WHAT IS BEING ASKED >> All lines from the one holding "Mephisto Men's Harrison" to the end of the listing are to be output exactly, both ends included, with any pictures left out.

GIVEN MATERIAL >>
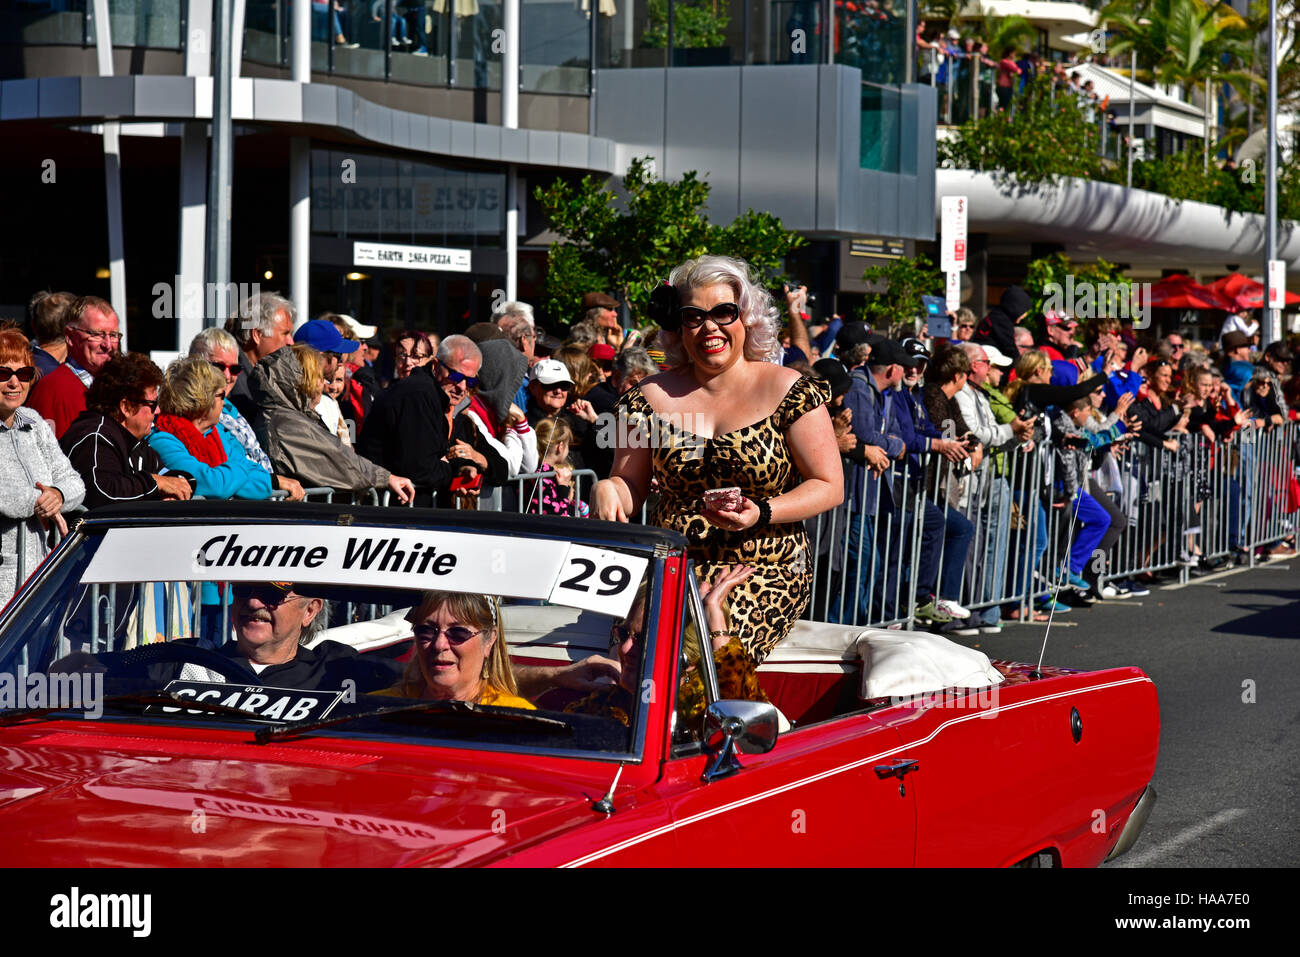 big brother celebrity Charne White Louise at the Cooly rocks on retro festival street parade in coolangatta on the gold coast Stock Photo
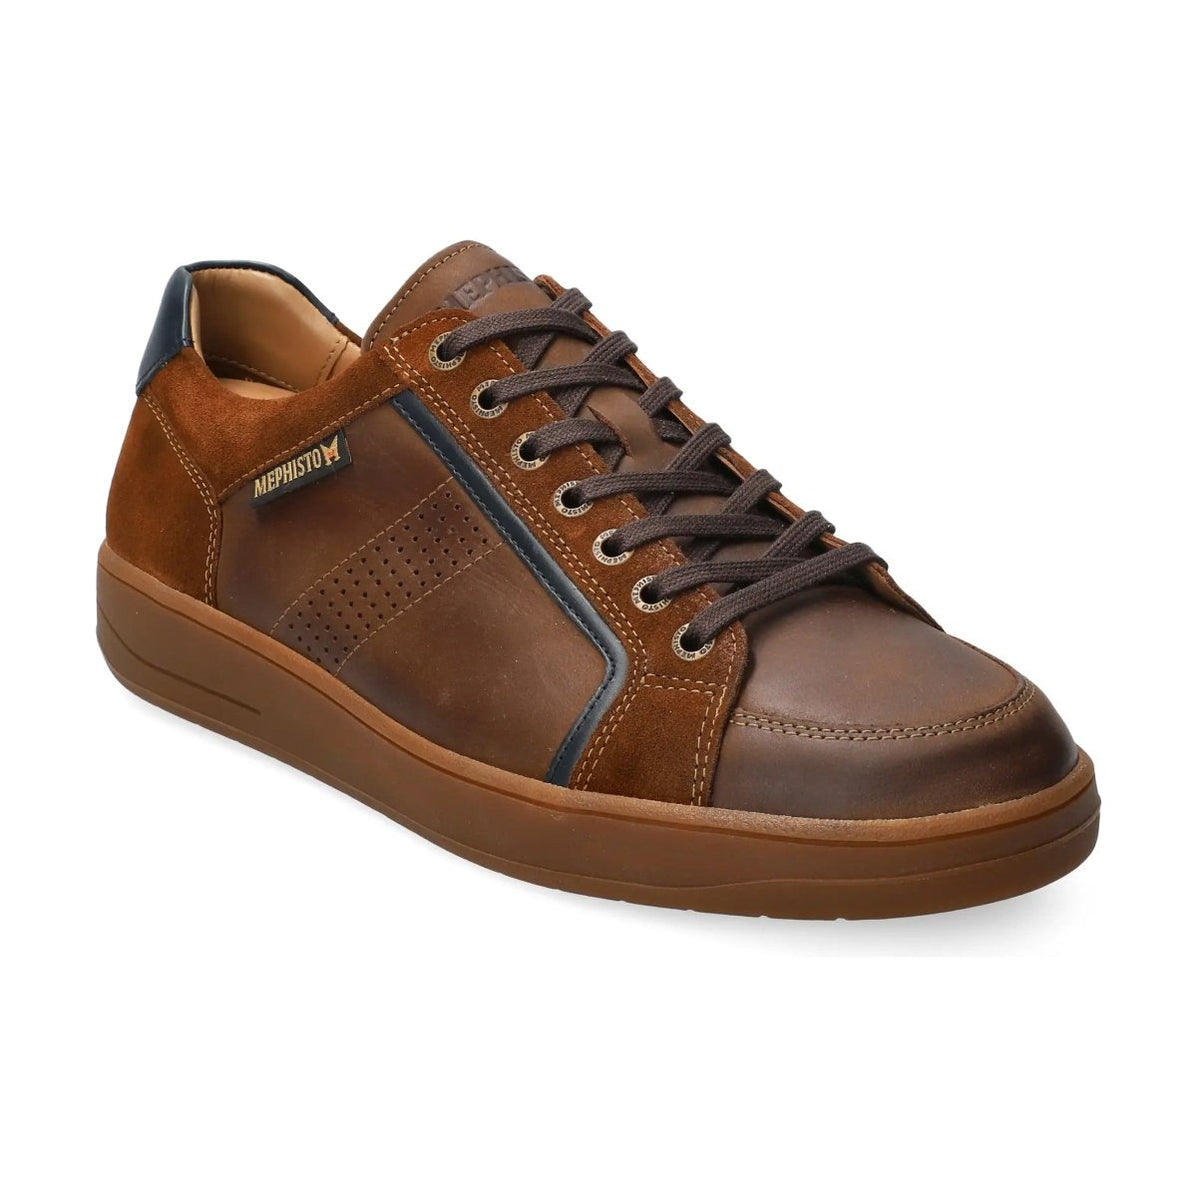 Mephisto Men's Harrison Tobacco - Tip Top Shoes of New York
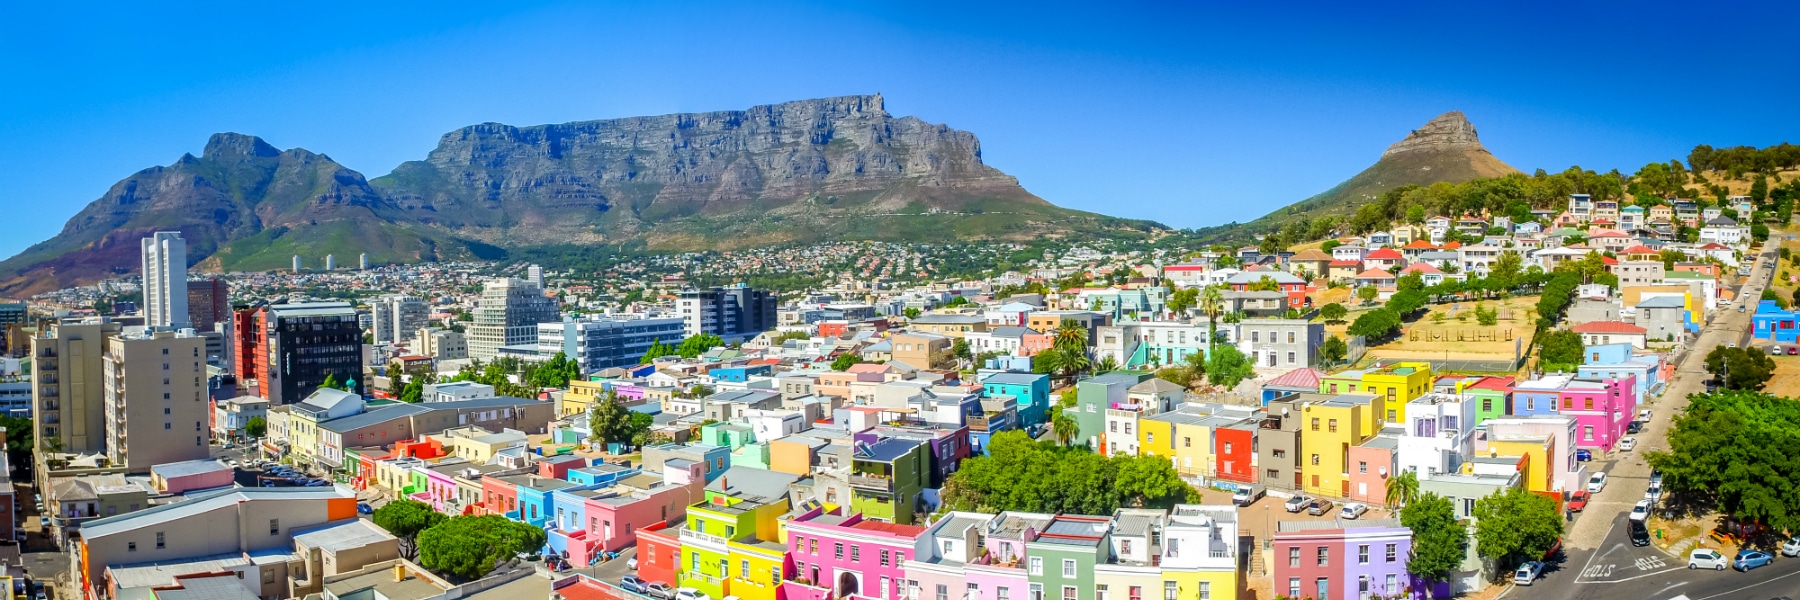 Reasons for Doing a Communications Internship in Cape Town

RESPONSE AREA >>
 Mephisto Men's Harrison Tobacco - Tip Top Shoes of New York
 Reasons for Doing a Communications Internship in Cape Town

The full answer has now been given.